Data provided –
____
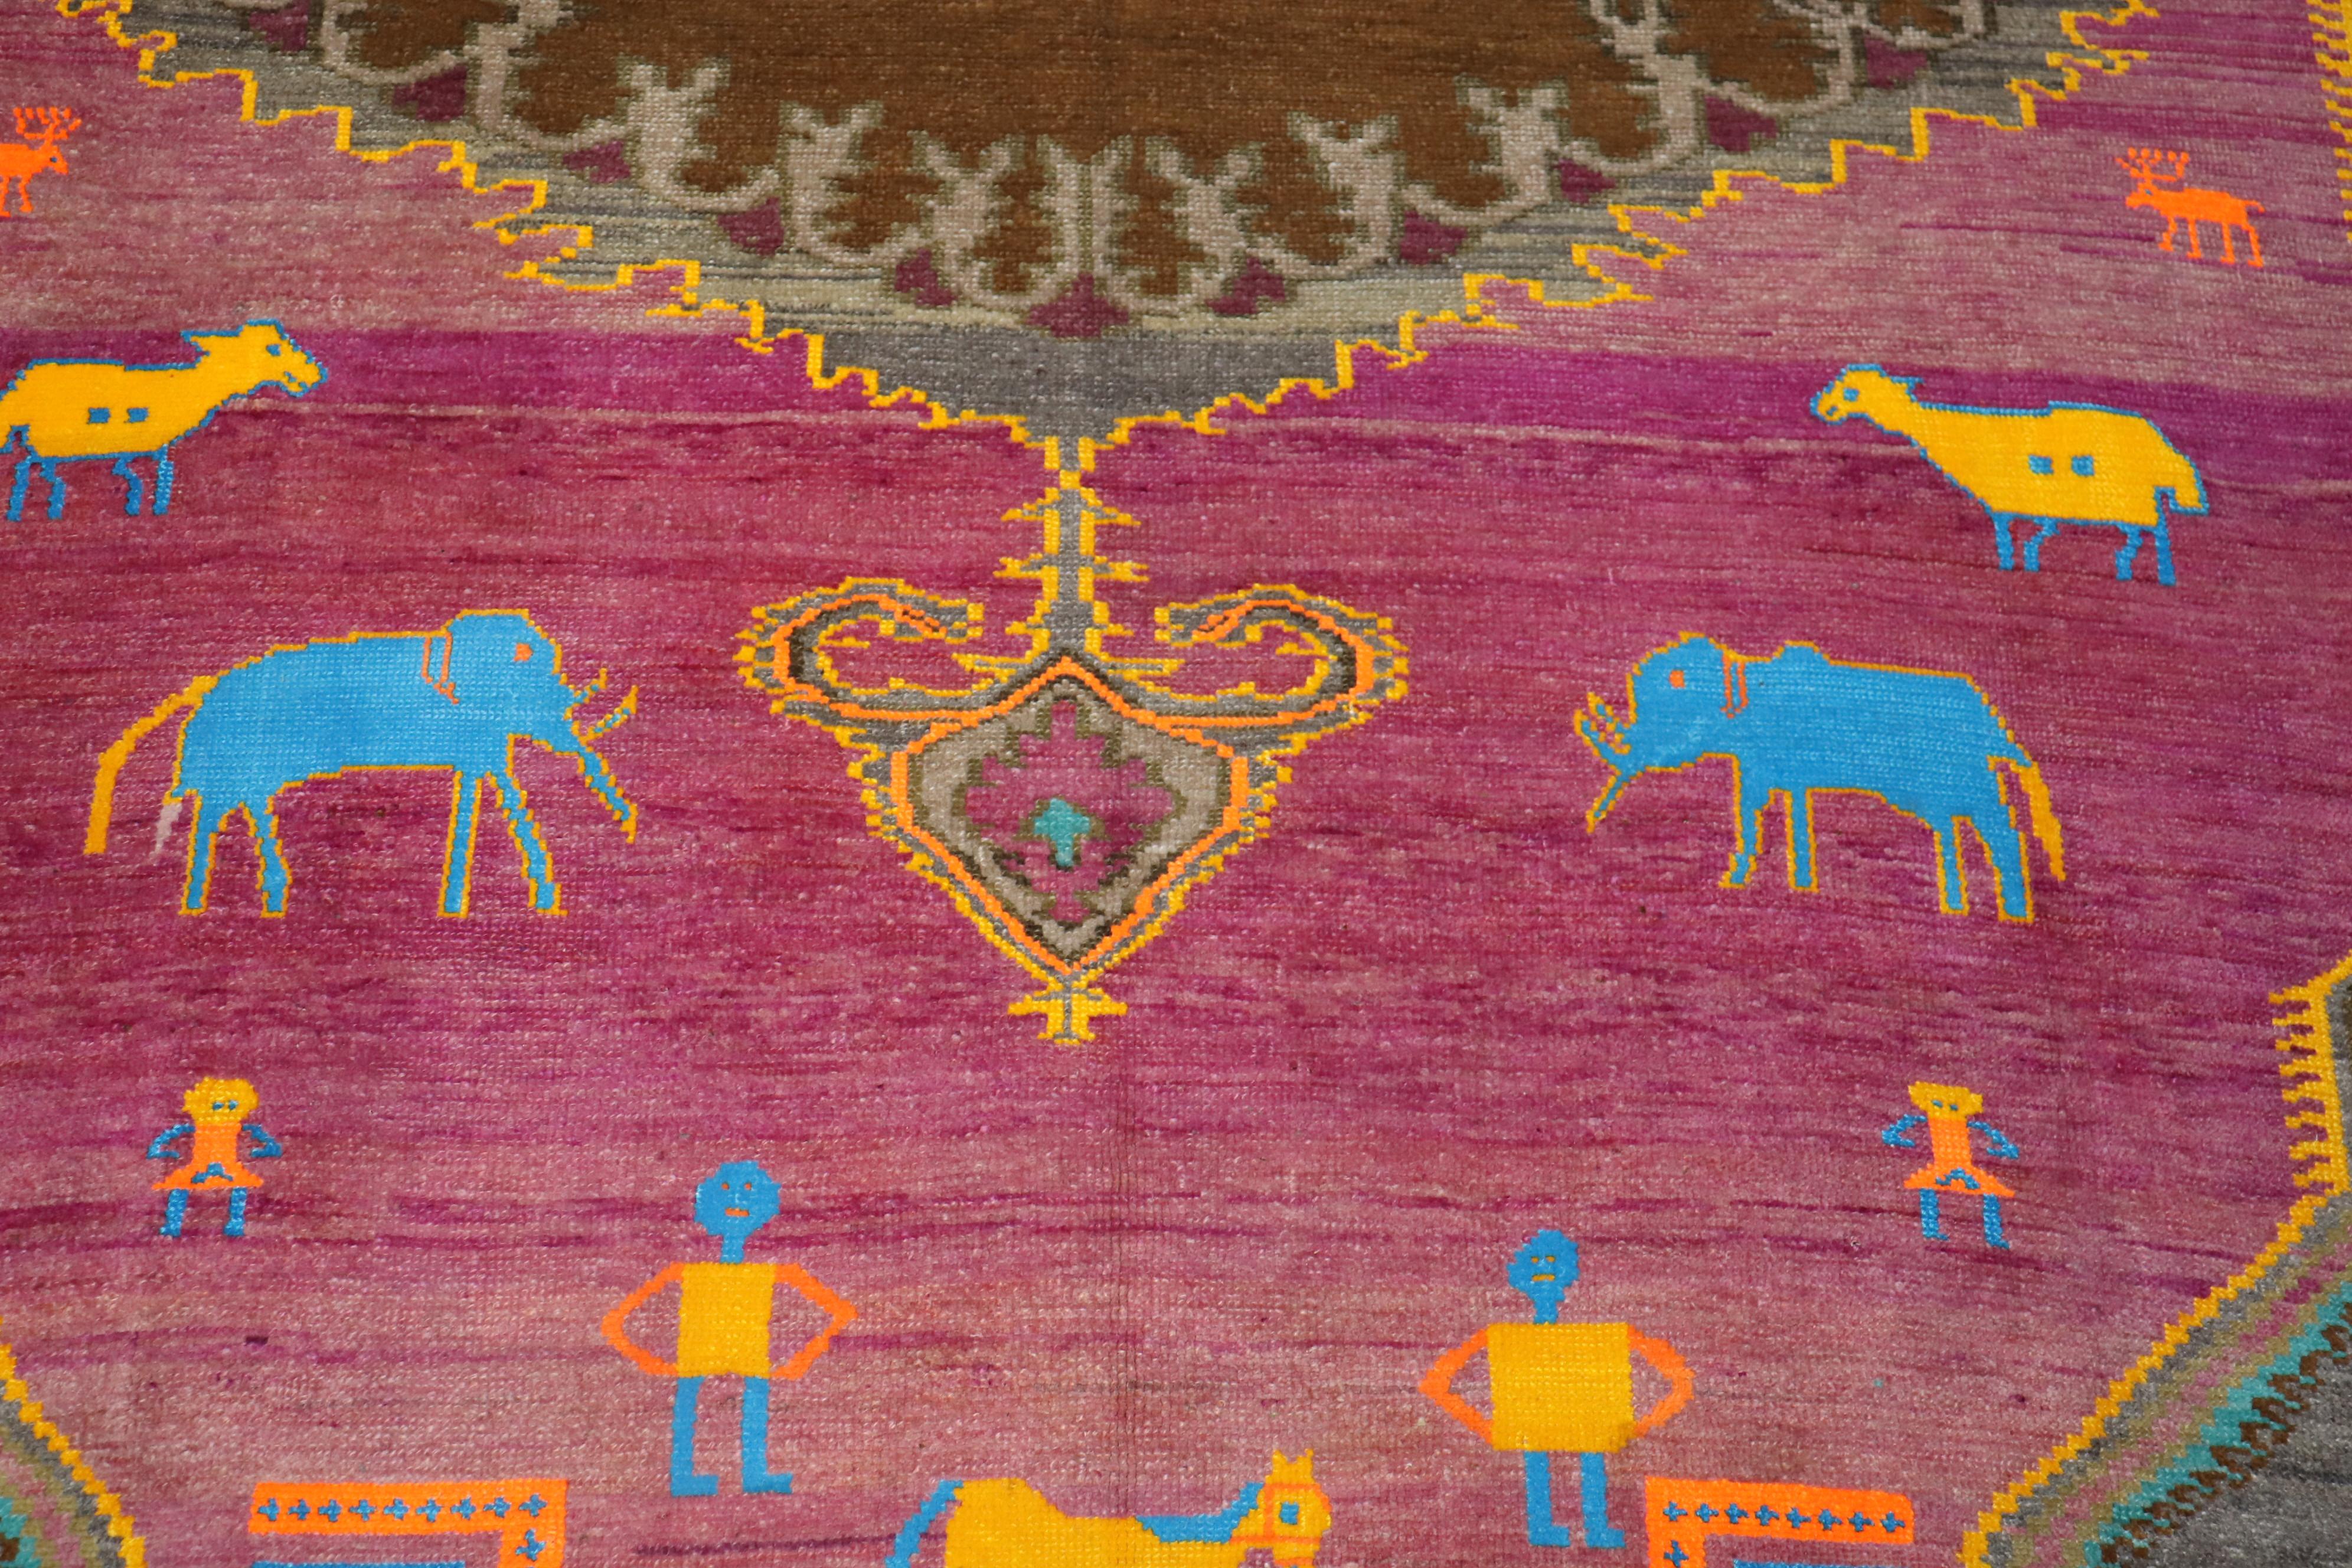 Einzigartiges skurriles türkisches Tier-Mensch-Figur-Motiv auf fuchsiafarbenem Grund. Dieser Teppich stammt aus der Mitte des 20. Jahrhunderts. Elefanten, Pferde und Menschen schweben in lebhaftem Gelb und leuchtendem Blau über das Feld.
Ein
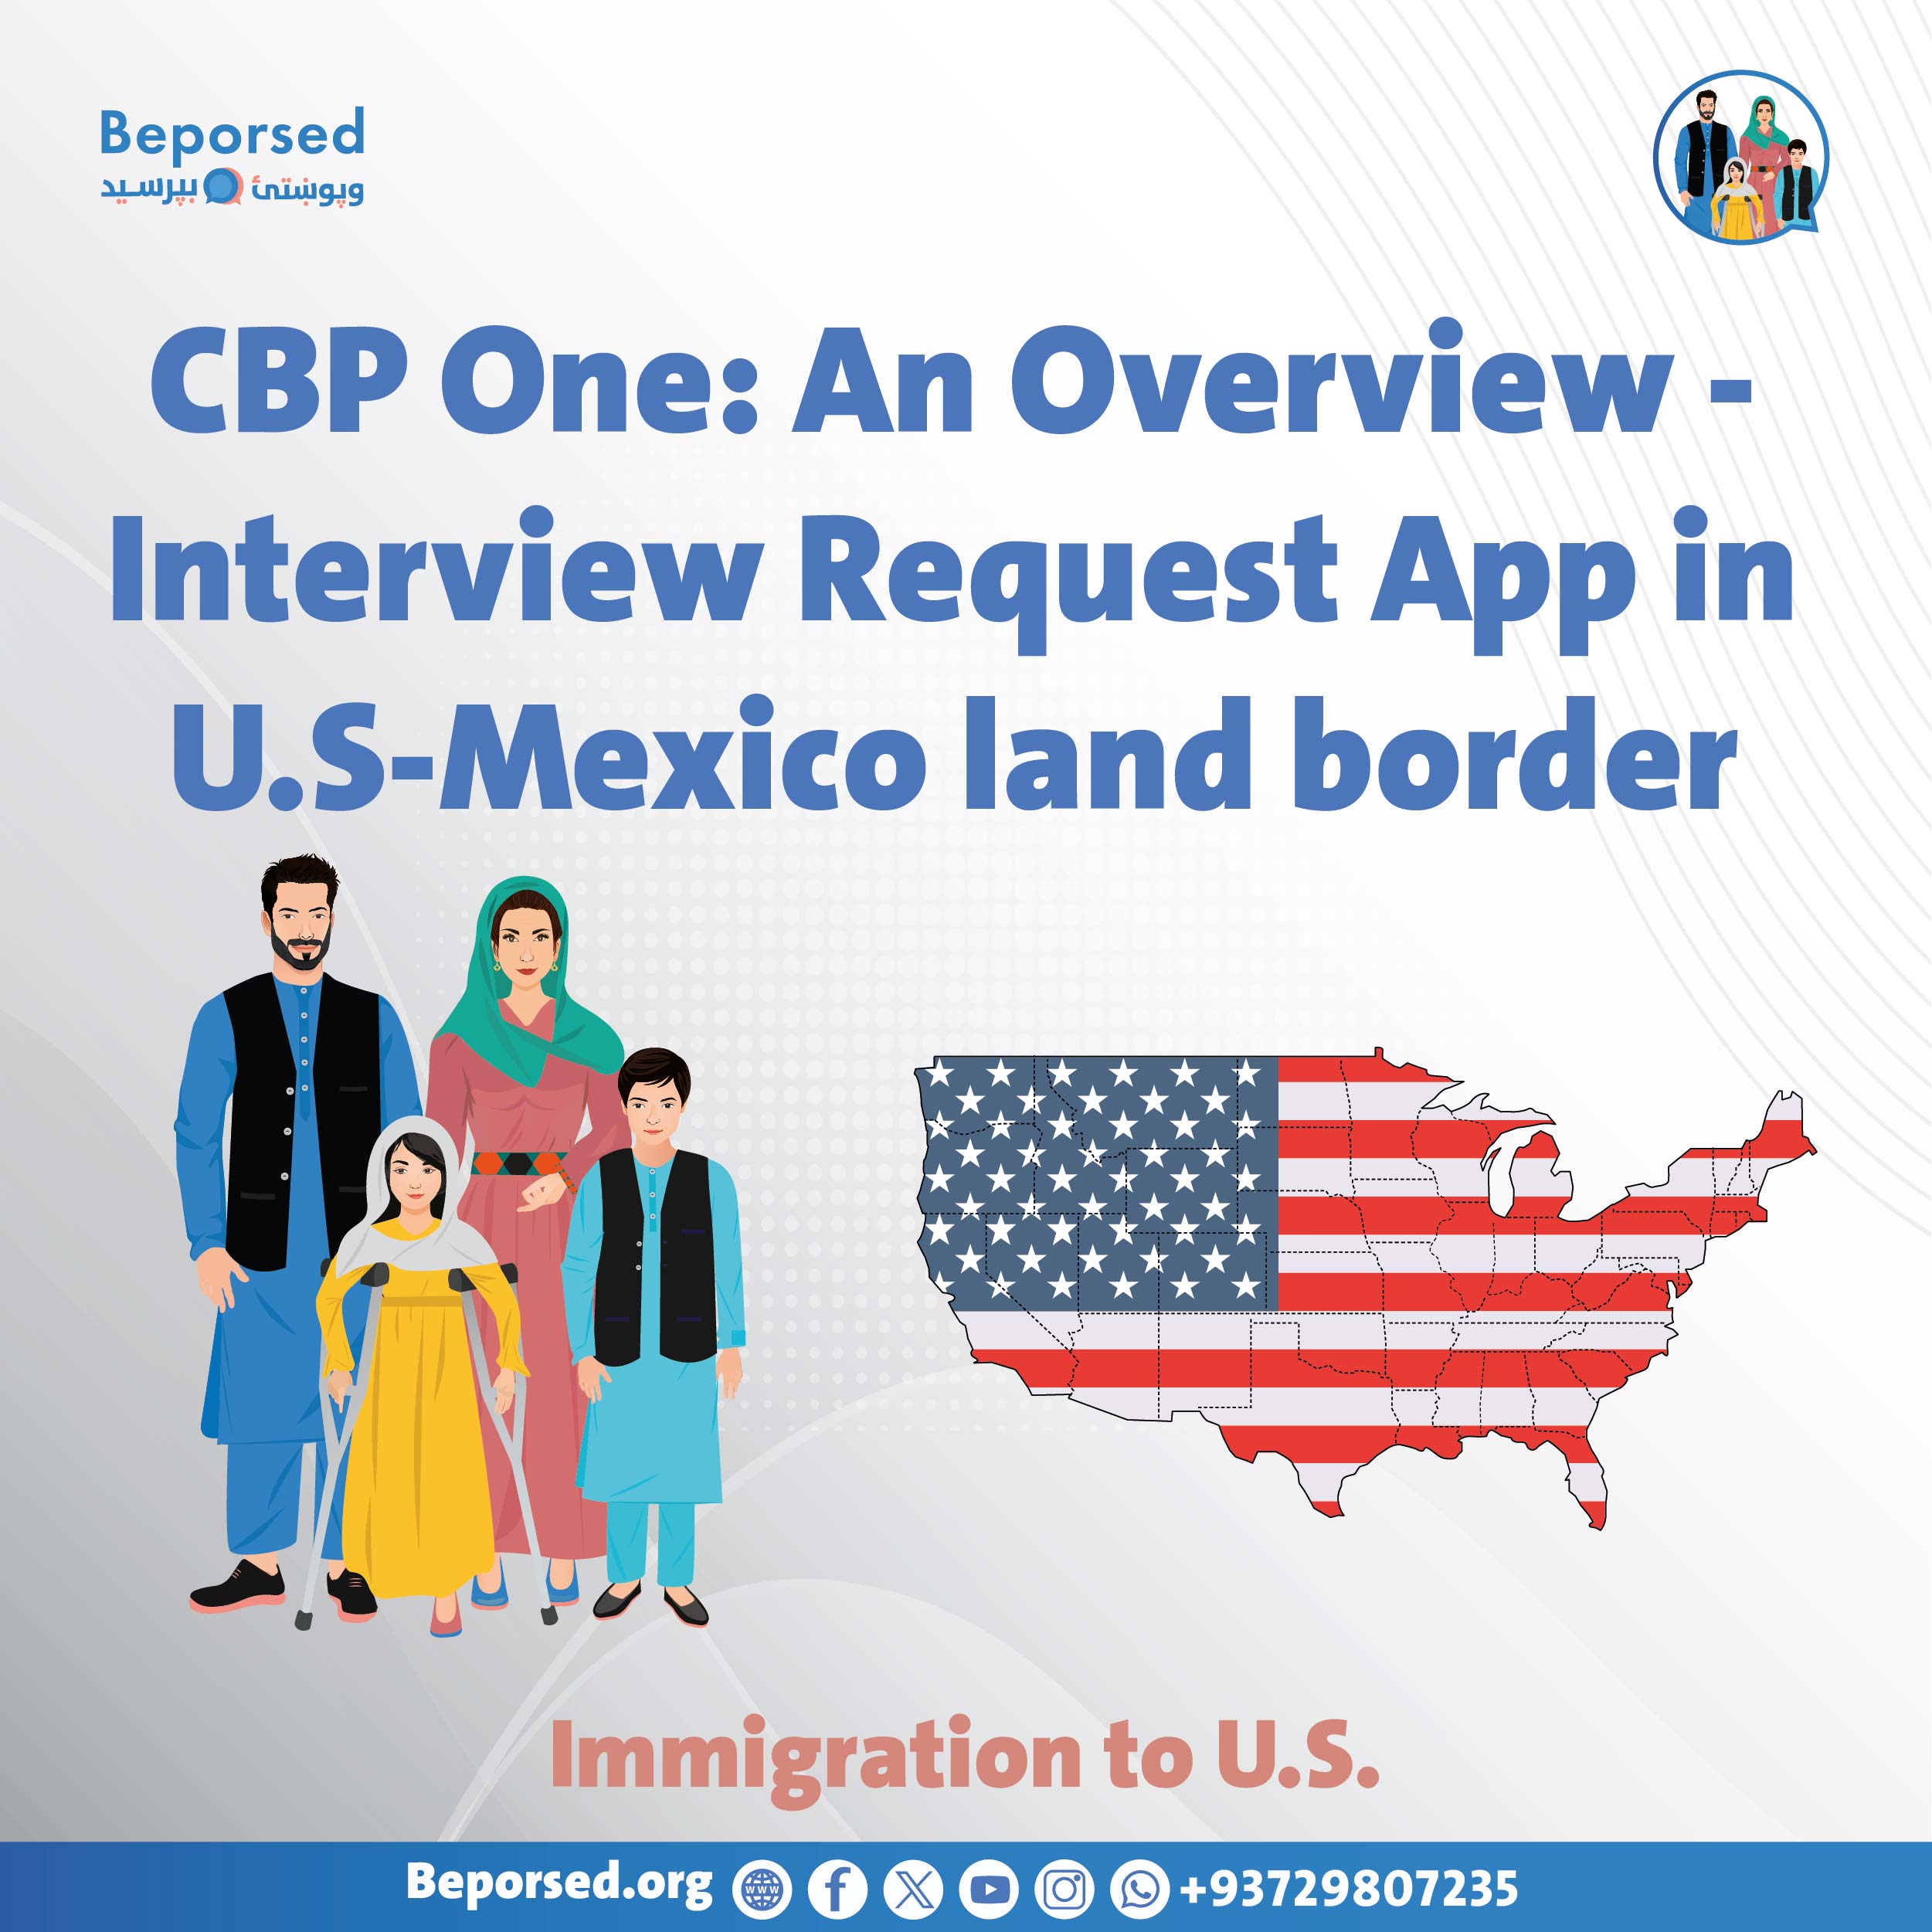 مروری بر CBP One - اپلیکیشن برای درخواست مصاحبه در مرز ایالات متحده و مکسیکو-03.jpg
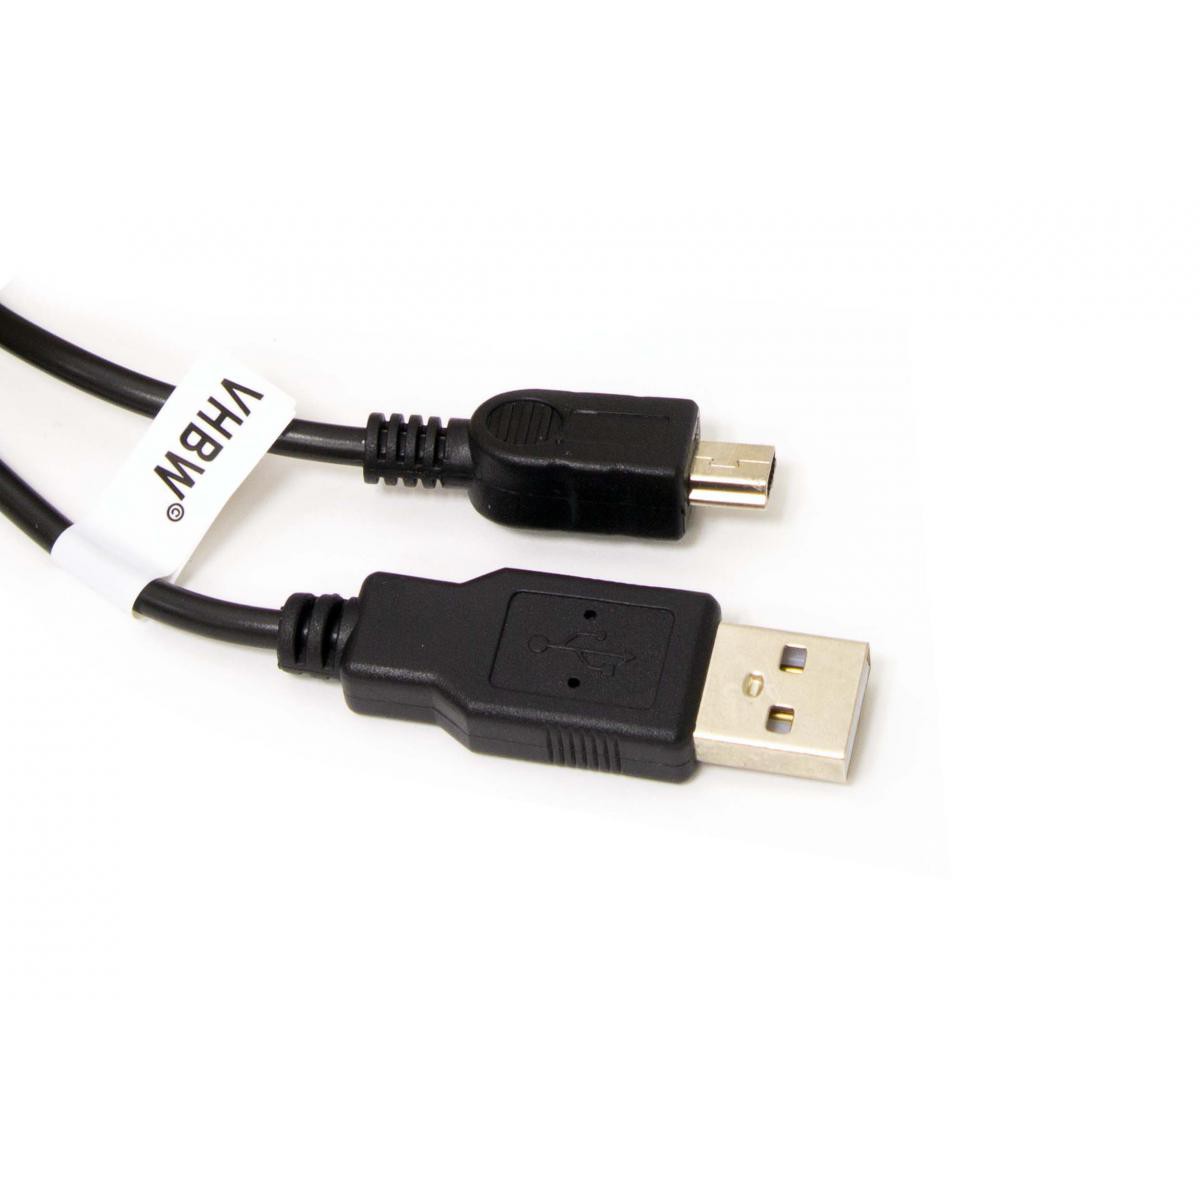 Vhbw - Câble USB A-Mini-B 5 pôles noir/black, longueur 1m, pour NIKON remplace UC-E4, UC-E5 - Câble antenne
____
What is being asked – The data above, line by line: transcribe it exactly and drop the pictures.

Solution for this task –
 Einzigartiges skurriles türkisches Tier-Mensch-Figur-Motiv auf fuchsiafarbenem Grund. Dieser Teppich stammt aus der Mitte des 20. Jahrhunderts. Elefanten, Pferde und Menschen schweben in lebhaftem Gelb und leuchtendem Blau über das Feld.
Ein
 مروری بر CBP One - اپلیکیشن برای درخواست مصاحبه در مرز ایالات متحده و مکسیکو-03.jpg
 Vhbw - Câble USB A-Mini-B 5 pôles noir/black, longueur 1m, pour NIKON remplace UC-E4, UC-E5 - Câble antenne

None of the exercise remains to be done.